I won't write this if my elimination to finals doesn't depend on this.

During the contest when I pressed submit button, 4 of 5 my submissions were duplicated with same code and submit times with less than 10 second difference. This costed me two extra penalty, for problems B and C and without this bug I am in top 25 in current standings. I know at least two participants faced the same bug but it happened with less probability. I already submitted bug report to codejam@google.com and hope they will review submissions.

What's test #5? Didn't manage to pass it and too lazy to spend time on upsolving.

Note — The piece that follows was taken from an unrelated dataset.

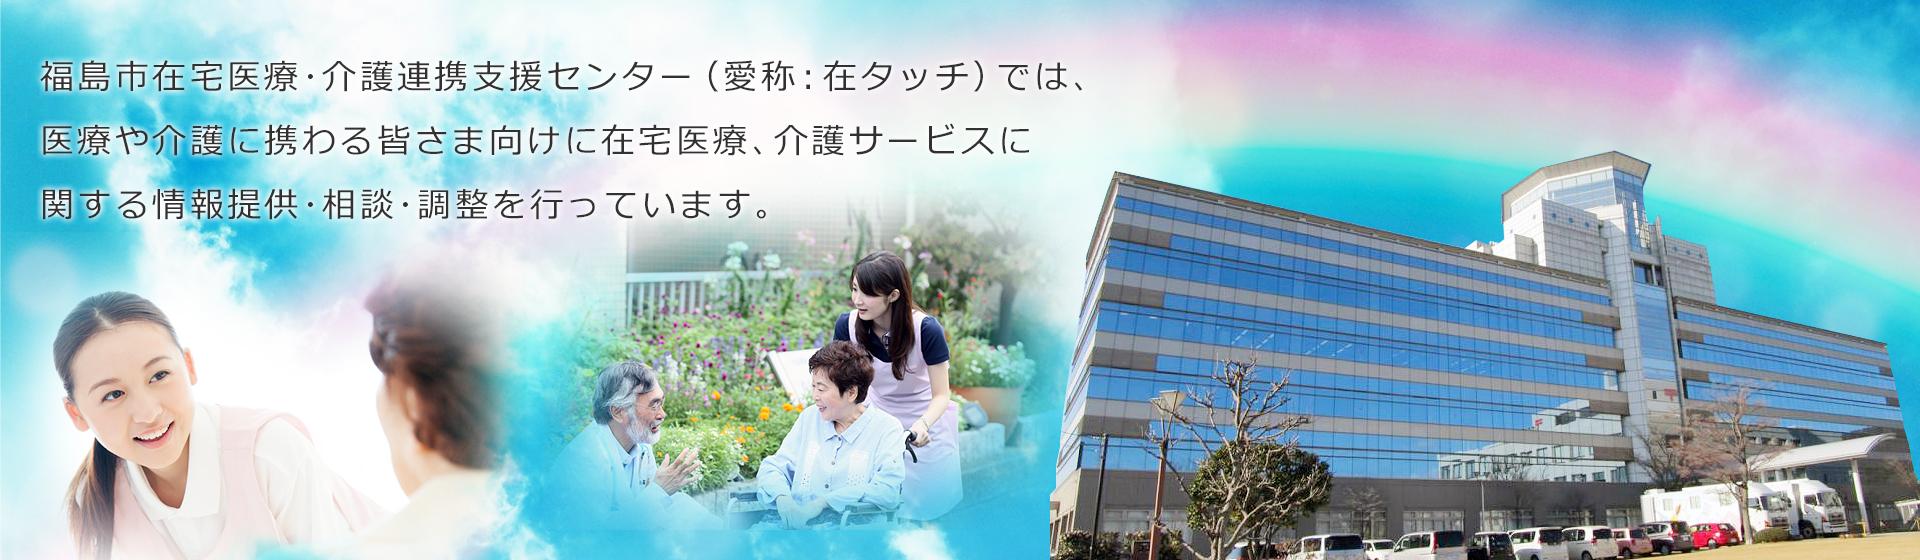 福島市在宅医療・介護連携支援センター(在タッチ)

Passed G with the following solution.

Increase $$$hp_1$$$ such that $$$n$$$ is divisor of $$$\sum hp_i$$$. $$$m$$$ times choose greedily maximum group size such that it's possible to attack with this group without affecting the answer and then simulate this attacks randomly.

Any idea why this solution works?

Actually, intended solution for H was with convolution repeated times, but we failed to set time limit properly.

I have some kind of "editorial" for G.

Recall the algorithm for building automaton. Let's calculate expected number of cloned states then add n + 1. Consider adding last character of string s. Let t be the longest suffix which occurs more than once and let a be the character preceding t. Then vertex cloning had happened iff there is character b ≠ a such that it preceds each occurence of t except for the last one.

For string s denote sequence |s|, |π(s)|, |π(π(s))|, ... 0 as chain(s) (here π(t) is longest suffix shorter than t equals to prefix of t). Let's calculate all possible triples (chain(t), chain(at), chain(bt)), where a and b are different characters. Also for each triple we need to know the number of triples of strings (t, at, bt) which corresponds to this triple. Knowing only (chain(t), chain(at), chain(bt)), it's possible to calculate number of strings s such that vertex cloning happened.

The solution is to find all different rows of the table one by one and then in n² queries restore it.

If you have found k rows, you need to find any string that is not a substring of any of these k rows. Then it can be expanded to the whole row in at most 2n queries.

Consider a trie of all substrings of already found rows. You can try to go by non-existent transitions of the trie and ask if there is such a string in the whole table, do this in the order of length increase. However, in its simplest form, it will work in cubic number of queries. Here comes the trick to make it 2n² overall — if you already know that some substring of the string you are about to ask doesn't exist, skip this query.

If you consider the trie as a suffix automaton of k strings, you can prove this upper bound. There will be at most 2n² states in the automaton and among all transitions by the same character from each vertex you will ask only about the shortest string, skipping the others.

LOL

I came up with the same solution but with hashes instead of LCP's. I think(but not sure) it can be modified to O(N²). For each fixed l we can precompute maximum prefix at which substring can be extended for each r simultaneously in linear time. The rest part of the solution remains the same.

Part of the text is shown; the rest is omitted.